Purification of PSV particles from the cleared lysate was carried out by ultracentrifugation through a 27, 33, and 39% Optiprep step gradient for 5 h at 16 °C at 234,000 rcf at acceleration 9 and deceleration 1. After ultracentrifugation, 0.5 ml gradient fractions were collected in 1.5 ml low-binding tubes and screened for transduction activity in cell culture. For this, aliquots of each gradient fraction were diluted 1:1000 with DMEM supplemented medium and added to 12.5 × 10³ HeLa TK4 cells68. This mixture was prepared in duplicates using 96-well plates further incubated at 37 °C for 2 days in a humidified incubator. Following incubation, PSV-transduced GL is secreted into the medium and its concentration was determined in 10 µl of cell culture medium using the coelenterazine substrate and Gaussia glow juice (PJK, Germany), according to the instructions of the manufacturer. A microplate luminometer (Envision 2101 multi-label reader, PerkinElmer) was used to determine the culture medium associated luminescence after 15 min of substrate addition. Confirmation of PSV-derived transduction was achieved by a combination of polyclonal and monoclonal neutralizing antibodies. PSV infectivity was determined based on the fraction dilution yielding 100-fold higher relative luminescent units (RLU) as compared to its control in the presence of a neutralizing antibody.
The production of furin-cleaved-(fc-) PSV was carried out in a furin-overexpressing 293TTF producer cells45. In brief, PSVs are subjected to maturation in the presence of furin, which proteolytic activity has been demonstrated to be a critical step for HPV infectivity. Furin cleaves L2 at its N-terminus allowing exposure of the targeted cross-neutralization epitopes and further binding to secondary cell receptors before infection. Following purification as described above, the transducibility of fc-PSV particles is then measured in furin-deficient LoVoT reporter cell line, which is permissive to fc-PSV transduction while insensitive to non-cleaved PSV ones.
For the in vivo HPV challenge models, PSV particles carrying a firefly-luciferase (FFL)-encoding plasmid were produced and purified as described above. The intracellular FFL transduction was measured with Beetle-Juice luciferase assay (PJK, Germany), according to the manufacturer’s recommendations.
HPV pseudovirion-based neutralization assay (PBNA)
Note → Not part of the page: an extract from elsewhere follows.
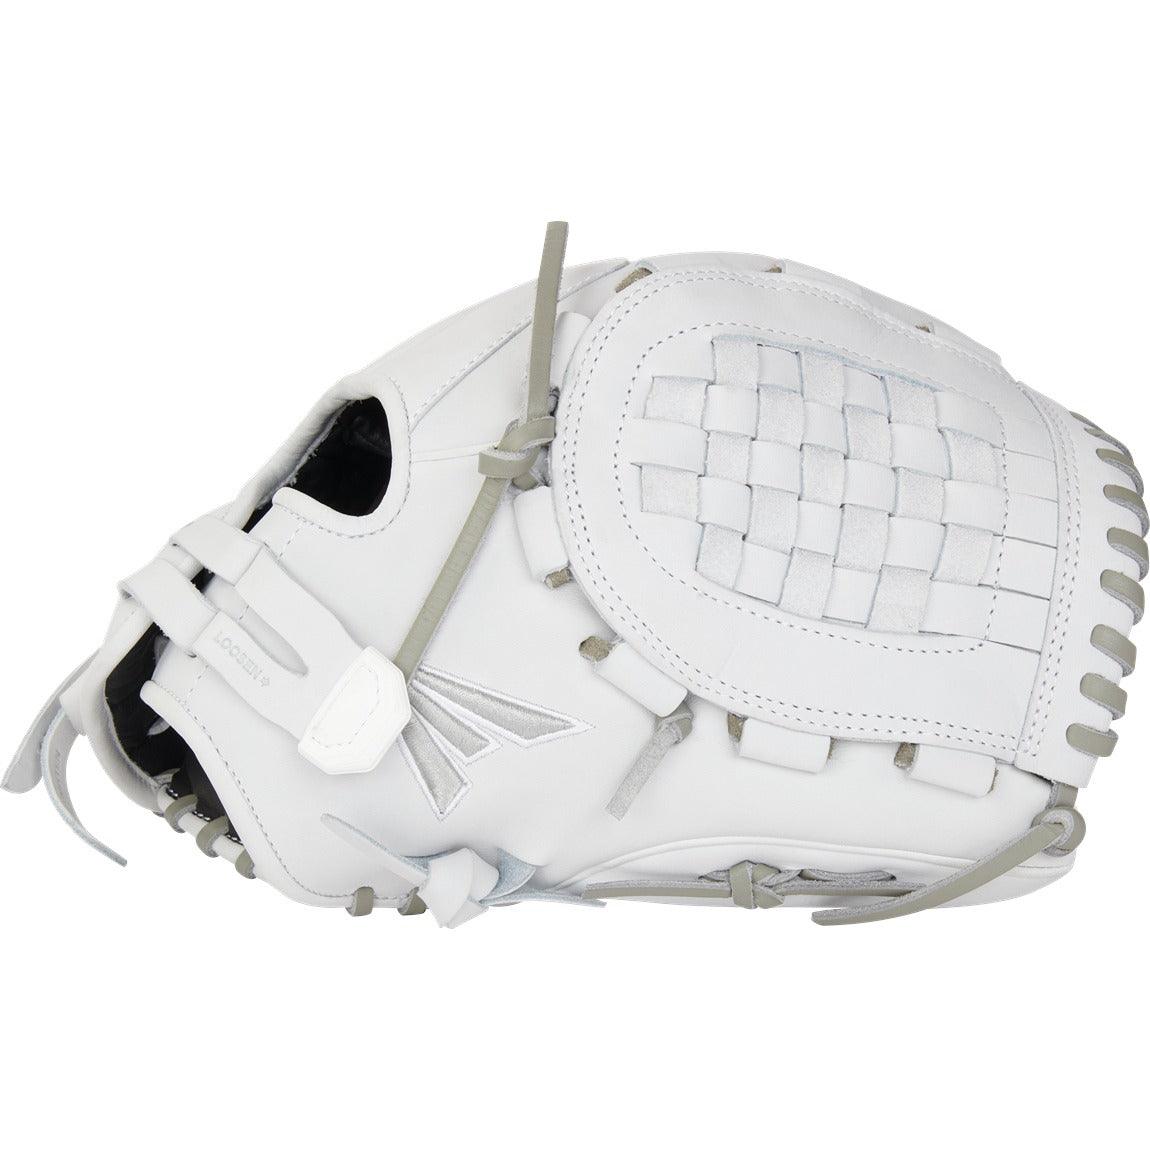 2024 Easton Pro Collection 12.5" Softball Glove

Neutralizing antibody titers were determined by the standard PBNA (so-called L1-PBNA)68. Briefly, serum samples were serially diluted six times in a 96-well plate using a threefold increment to achieve a final serum dilution in the neutralization assay of 1:50 to 1:12,000. Next, the PSV previously diluted in DMEM were added to the diluted sera and the mix incubated for 20 min at room temperature. Finally, HeLa TK4 (106 cells) were added to the PSV-serum mixture and the assay plate incubated at 37 °C for 2 days in a humidified incubator. PSV-transduced GL activity was determined as described above. All sera were tested in duplicates. The serum neutralization activity (% inhibition) was calculated via the GraphPad software program by normalizing the luciferase signal measured for ‘PSV-serum’ against the corresponding signal for ‘PSV-alone’. Neutralizing antibody titers (EC50) represent the serum dilution in which a 50% inhibition of PSV-induced luciferase signal is seen. EC50 values <50 were considered non-neutralizing and therefore set to 0.1.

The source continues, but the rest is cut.